As the Red Queen pointed out to Alice, if you practice, you can believe seven impossible things before breakfast. Unfortunately, many Americans do just that. Your mileage may vary.

Monday, April 17, 2006

Crazy Love




My kids drive me crazy. But I love them like crazy. They are both bright, witty, kind, rather cute (people tell me so), but in so many ways so TOTALLY unlike me that I wonder if we really know who their mother was. They wear me out. There is a reason that at a Certain Age, boys want to leave home, and magically, it's about the same time that you want to say "I love you very much. Go away." They never asked for much. There were no TVs and computers in their rooms, no new cars (Number One Son: "I have the second ugliest car in the entire school. It's embarassing." Mom: "Are you glad you don't have to ride the bus as a senior?") Number Two Son, I am convinced, lies awake at night trying to find ways to torture me. Wait, that would require EFFORT on his part. It must just come naturally to him. When I accused Boy One of being spoiled, he answered - Mom, I realize that I am privileged, but I don't think I am spoiled.

I want to wail about my youngest, but I realize that it could be much much worse. He's law abiding, kind, and he does have brains, they just have not quite jelled into an actual structure yet. Today, he told me that he doesn't want to do anything to give up his 'individuality'. That might sound impressive, if he didn't dress, talk, and groom himself as a clone of about two dozens of the kids that wander in and out of our home. I hate that eye-rolling thing they do when you speak English to them...

The pictures are from our Blood and Guts tour of France. The Catacombs, Versailles. Naw, they're not spoiled.

Wednesday, April 5, 2006

A tired little girl...

I received this picture, along with a card, in the mail today. It read:

"This little girl was born Aug. 30, 1937. I figure she's about 4 yrs old, so it was probably taken in 1941 - in Electra, Tx.

Her mom always made her and her big sister wear a bonnet while outside. She looks awfully tired and is probably resting. Can you guess who she is?"

(From my mom....)

Happy 72, Daddy. Thanks for being there for me and my boys all these years.

Tuesday, April 4, 2006

Je pense...



I love history, and as the comedian Eddie Izzard says "I'm from Europe. That's where history comes from." While I don't think too much of the French people as a group, I've met wonderful individuals, and they have a beautiful country (ditto that thought on Colorado and its natives.) European history is largely a precursor of U S history. I know, I know, we have people and influence from all over the world. But American culture and our form of government are primarily of Western European descent, so even if you're immigrated from Bangladesh or Greater Mongolia, you've chosen to live in a culture predominated by western European philosophies, languages, government, religions, et al. You can add your own seasonings, but this is the dish that's on the menu.

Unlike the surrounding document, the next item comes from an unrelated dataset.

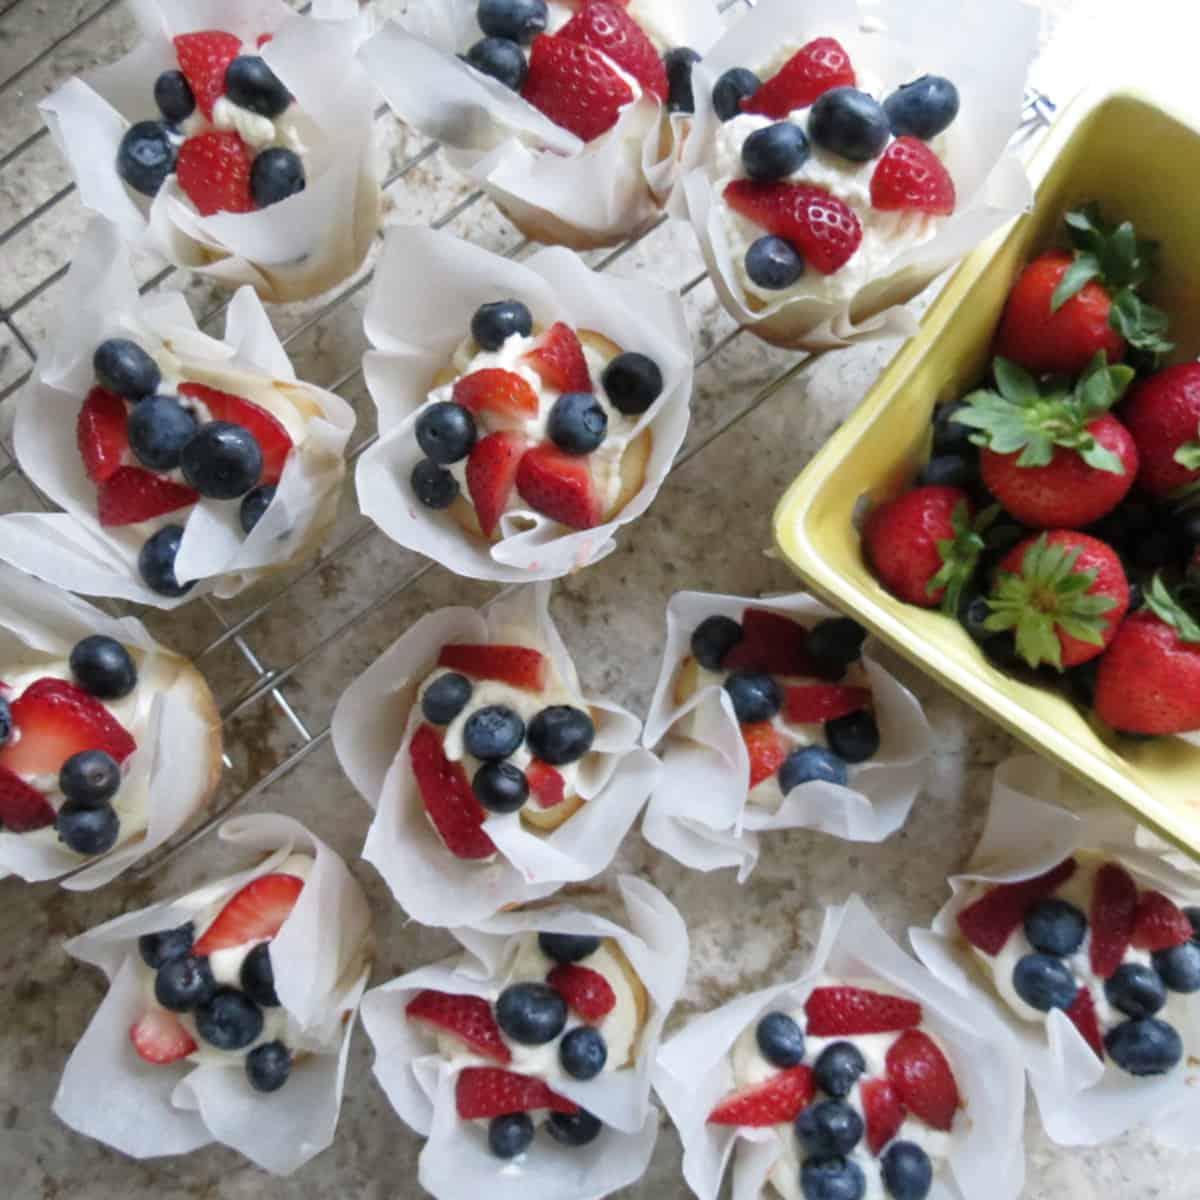 Gateau Frais Cupcakes, Or Fresh Cake Cupcakes

With all that: look at a map of Europe, and France is this big ol' chunk in the middle. Whether you were marching up from Rome, headed towards the ocean from Germany, spreading Islam north from Spain, or looking for wine-growing weather from England, it's right there in the middle. The French were actually important on the world stage for a short time (as history goes), but their time has passed. But there is still two thousand years of post-Axial Age stuff to see. From the pre-Christian era ruins at Glanum, to Omaha Beach, it's all there.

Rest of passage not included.